_Required action:_ Only one stretch of the data below is needed: the line with "Images: Tout premier déballage d’un iPhone 5" through the last line. Output it exactly and drop the pictures.

(Data records Opens)

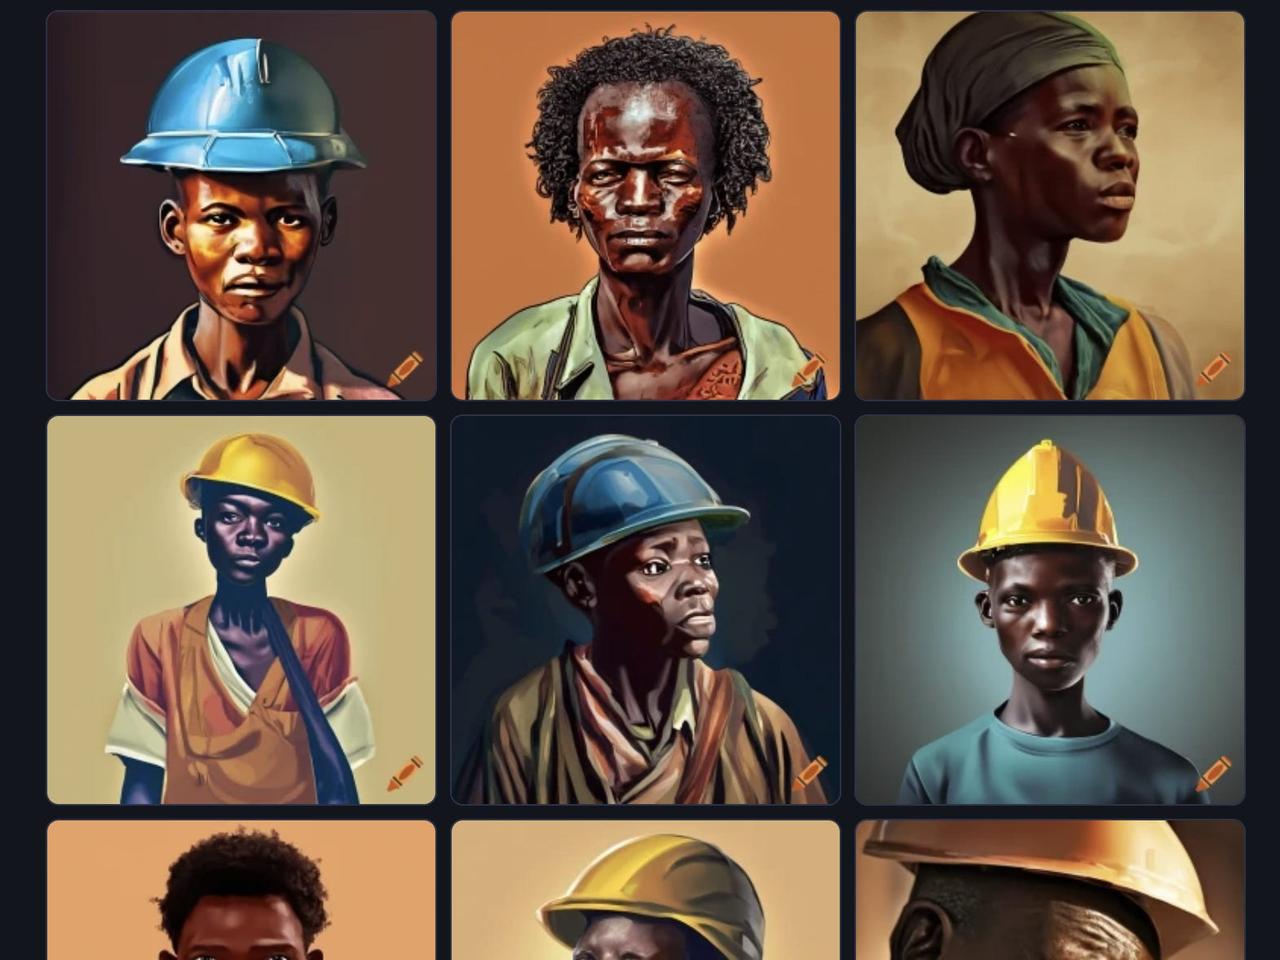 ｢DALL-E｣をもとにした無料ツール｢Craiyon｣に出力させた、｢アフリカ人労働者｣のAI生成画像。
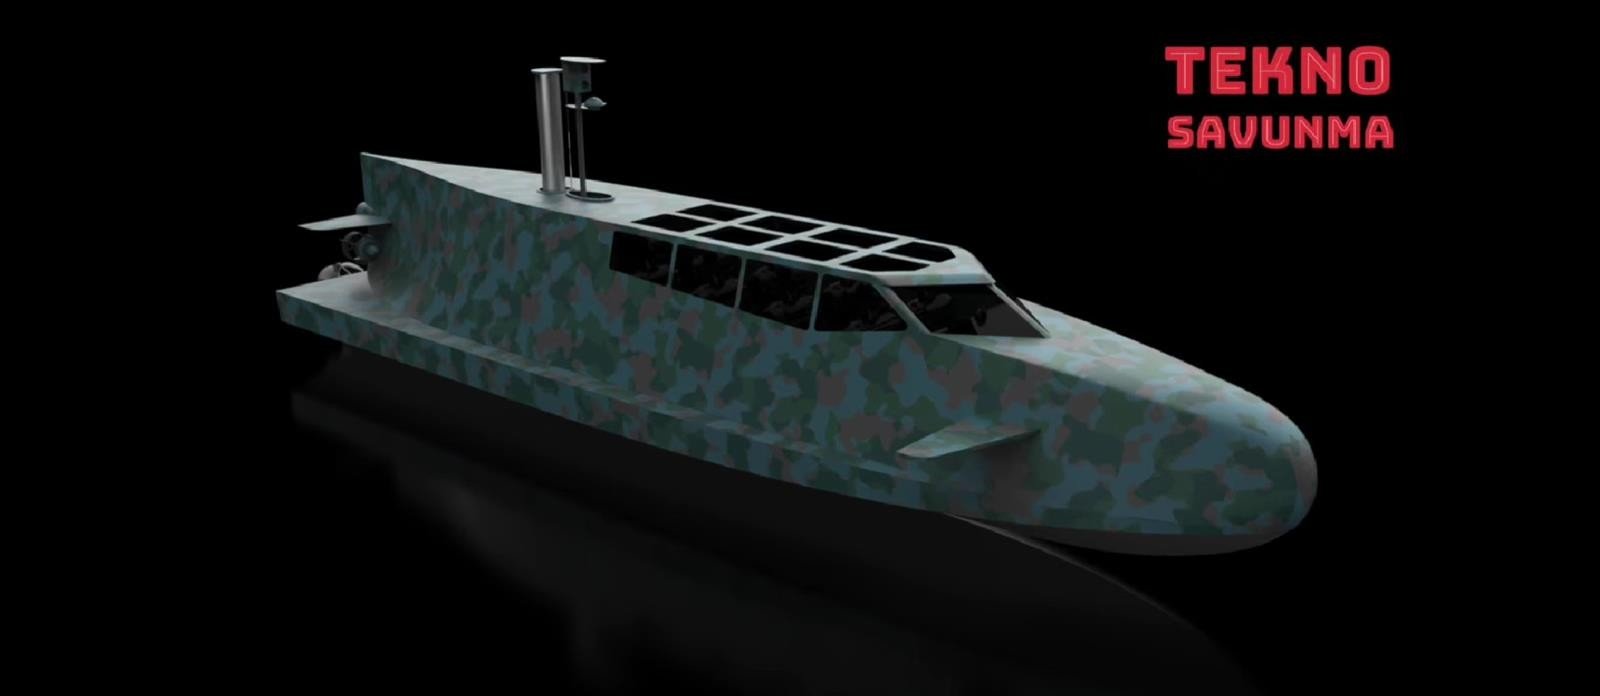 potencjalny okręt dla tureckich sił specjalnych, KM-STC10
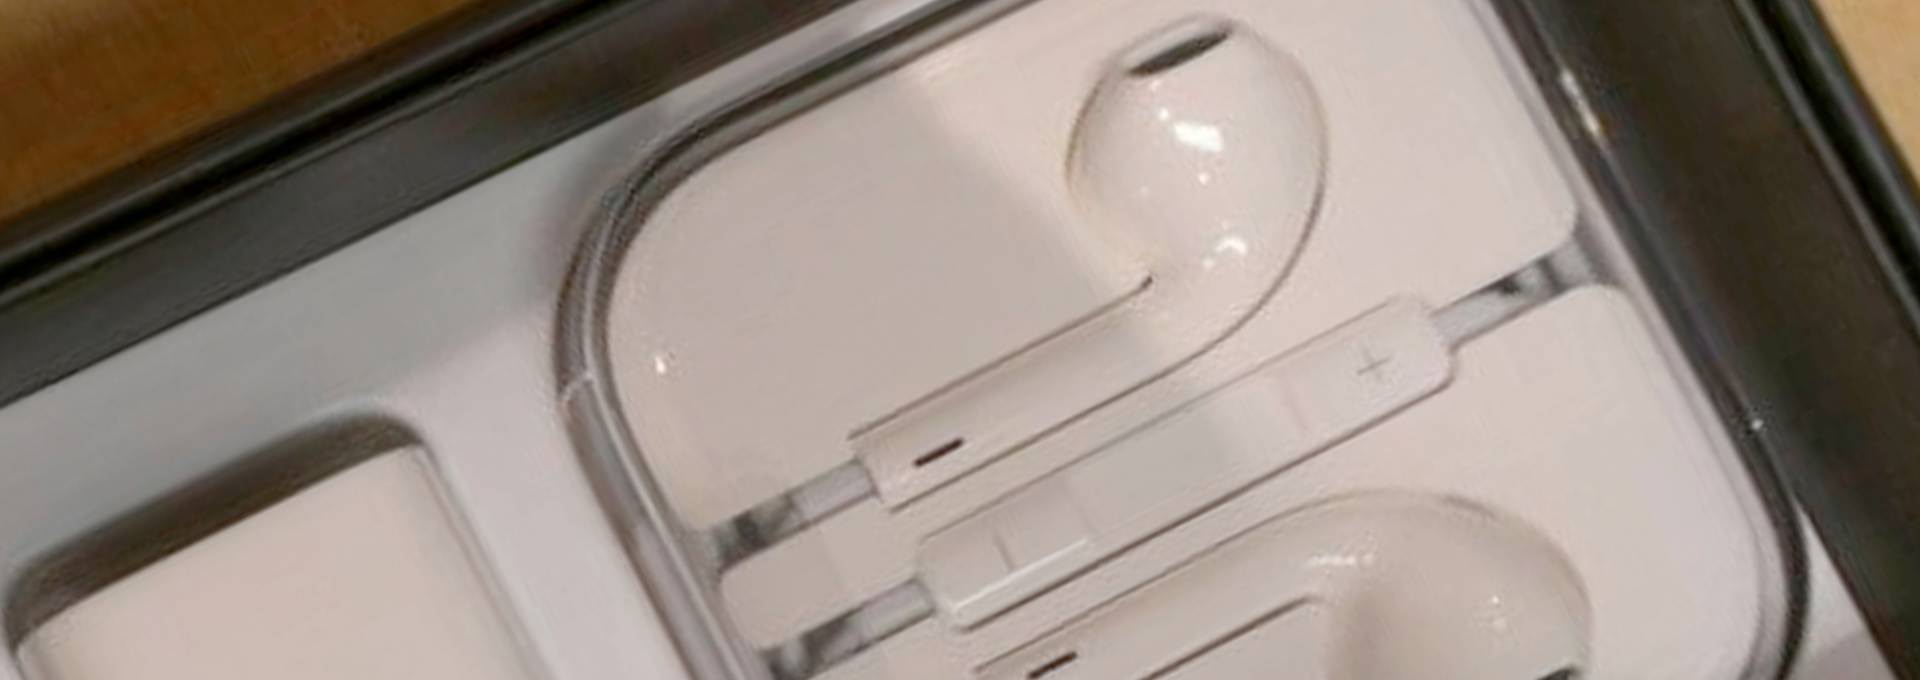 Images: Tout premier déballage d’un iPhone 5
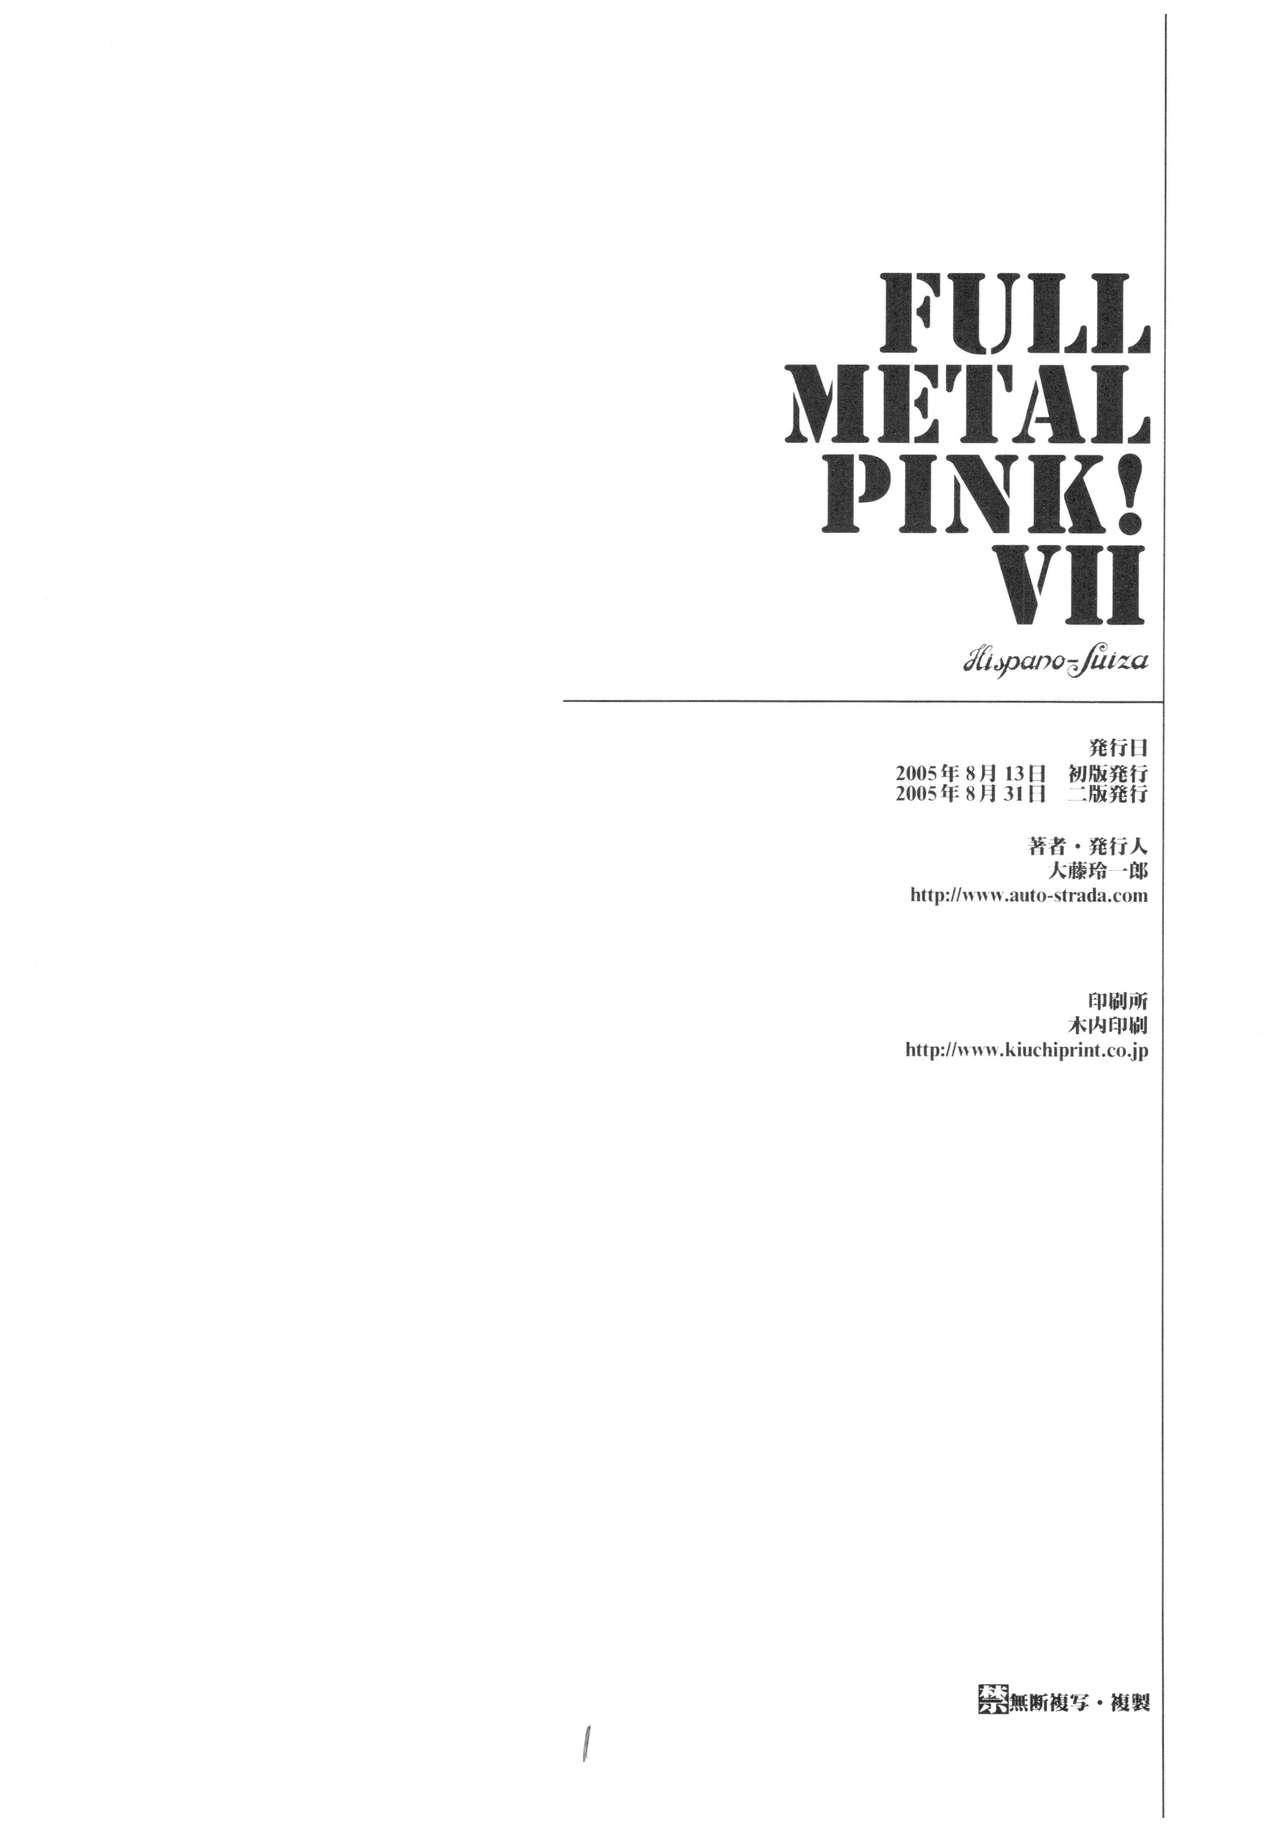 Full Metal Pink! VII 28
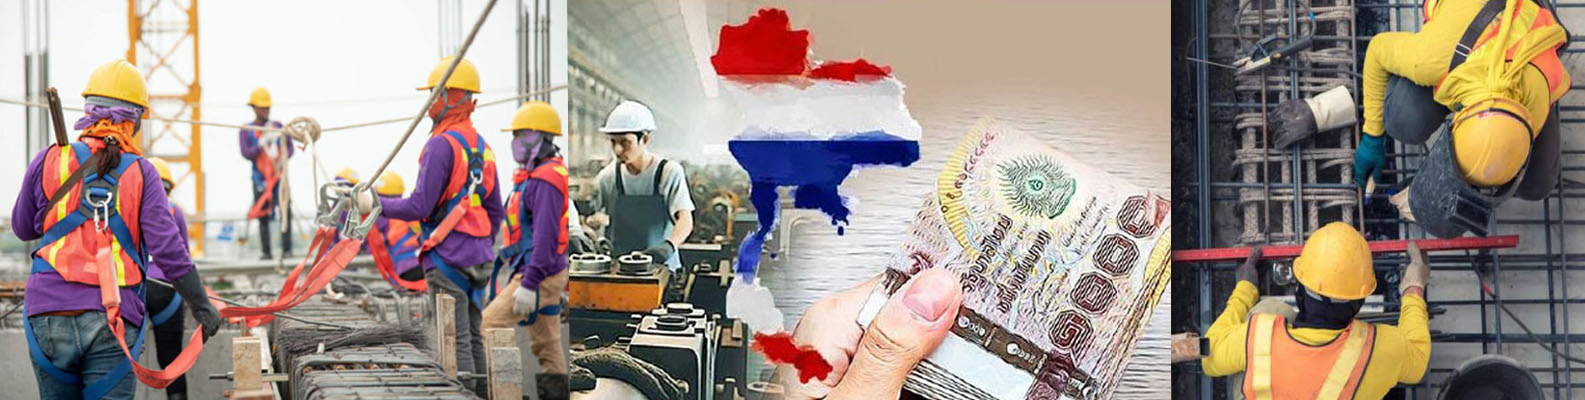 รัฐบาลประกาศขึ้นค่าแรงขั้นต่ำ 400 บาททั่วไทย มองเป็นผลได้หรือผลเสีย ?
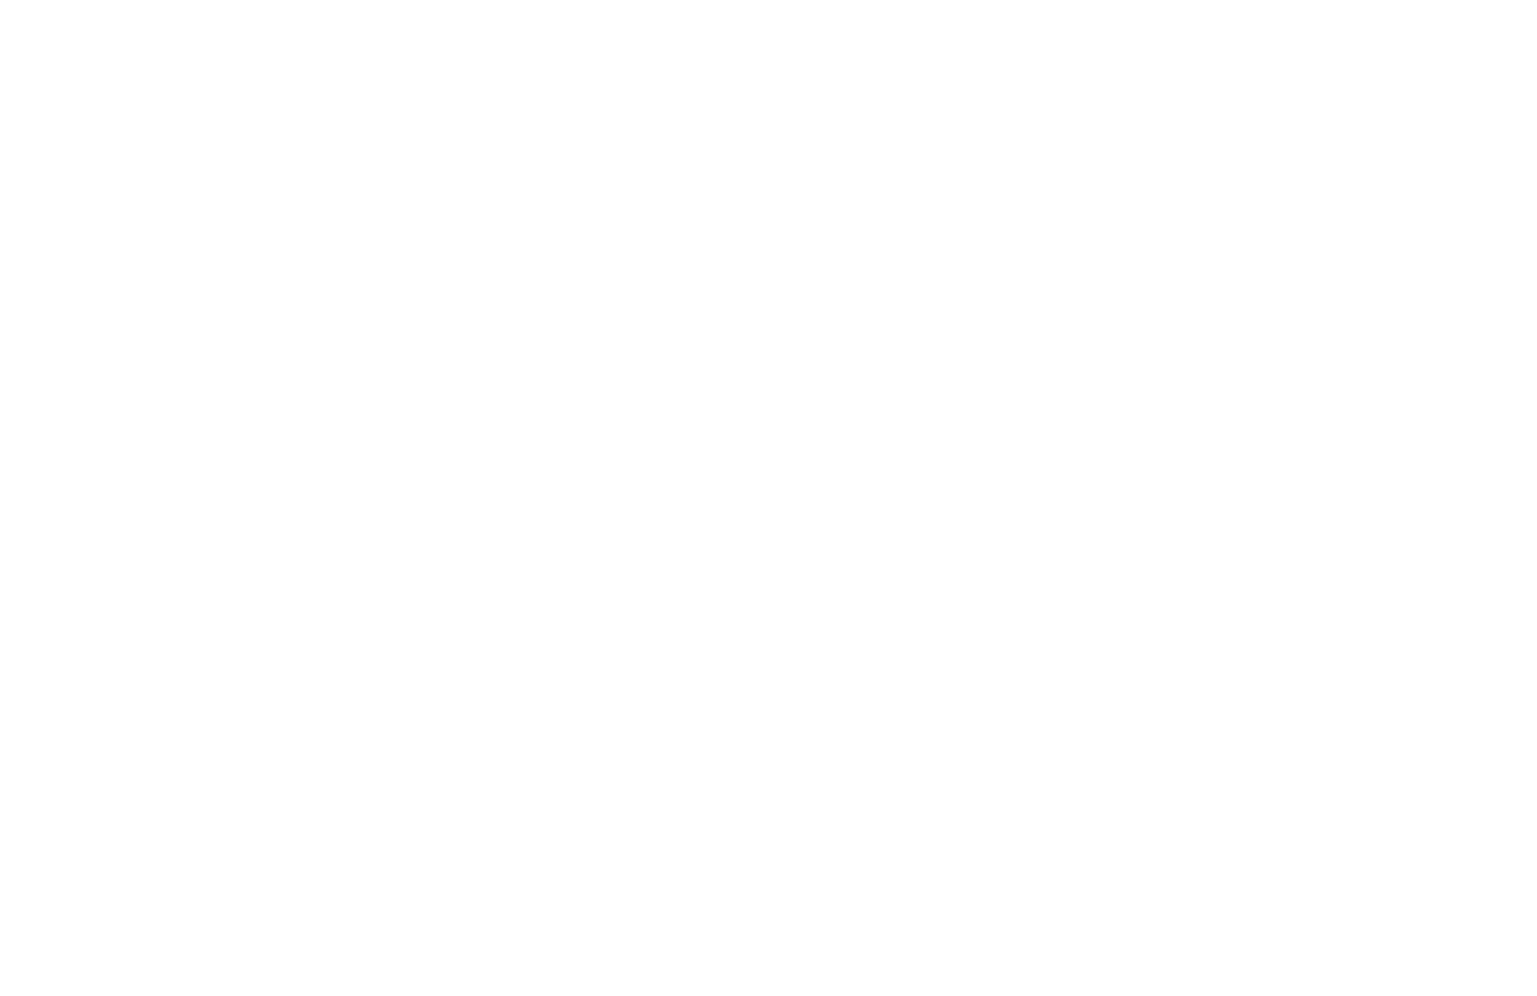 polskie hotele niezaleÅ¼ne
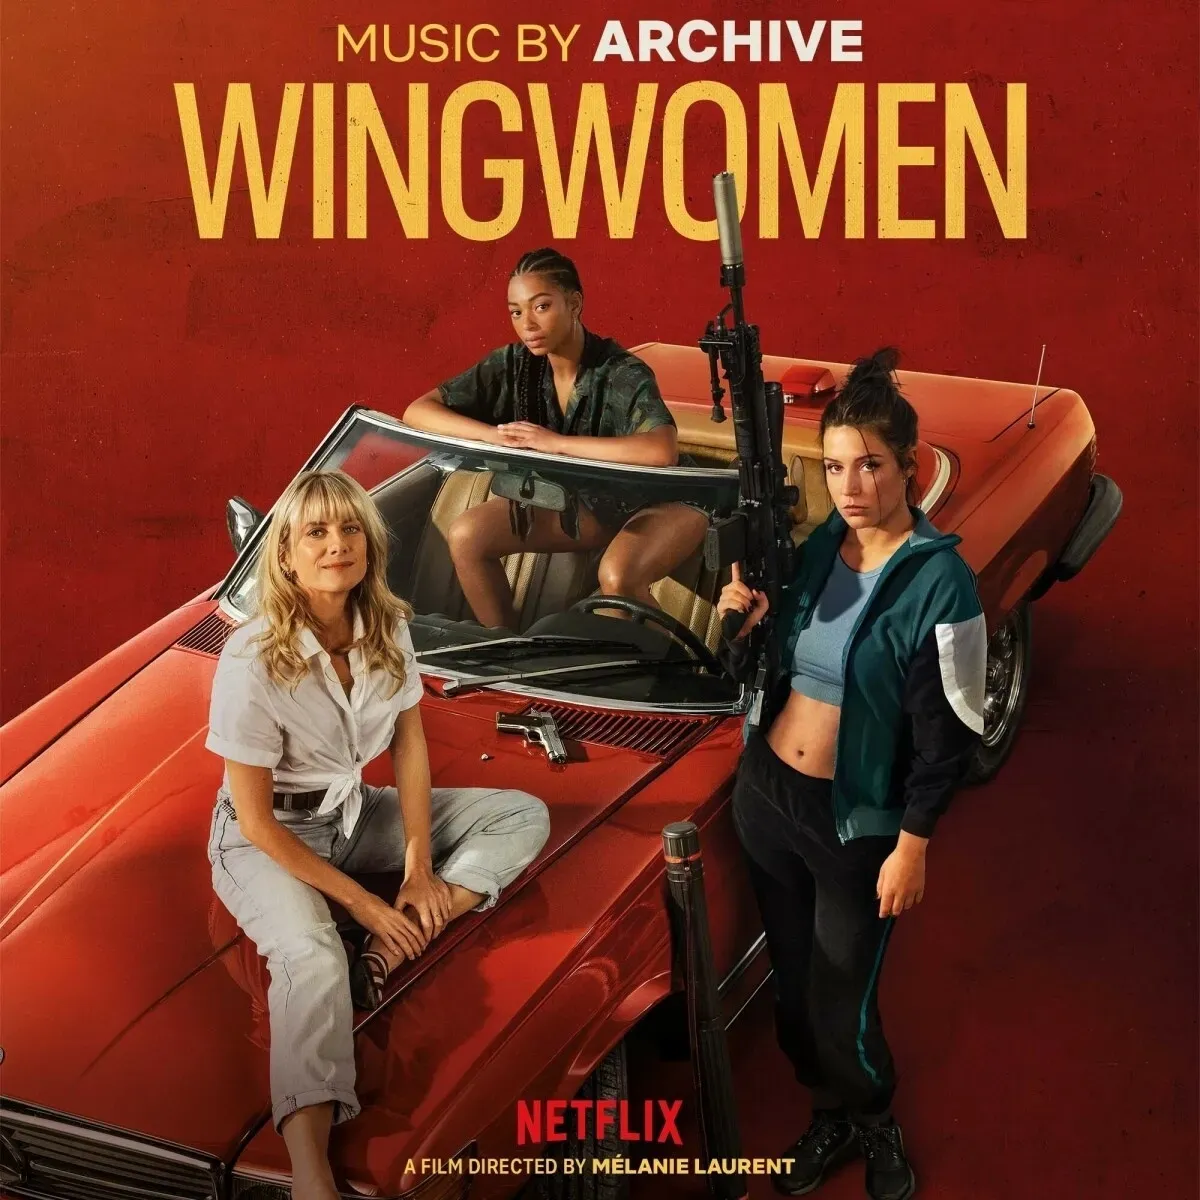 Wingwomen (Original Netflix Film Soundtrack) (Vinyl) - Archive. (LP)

(Data records Closes)

_Written answer:_
 Images: Tout premier déballage d’un iPhone 5
 Full Metal Pink! VII 28
 รัฐบาลประกาศขึ้นค่าแรงขั้นต่ำ 400 บาททั่วไทย มองเป็นผลได้หรือผลเสีย ?
 polskie hotele niezaleÅ¼ne
 Wingwomen (Original Netflix Film Soundtrack) (Vinyl) - Archive. (LP)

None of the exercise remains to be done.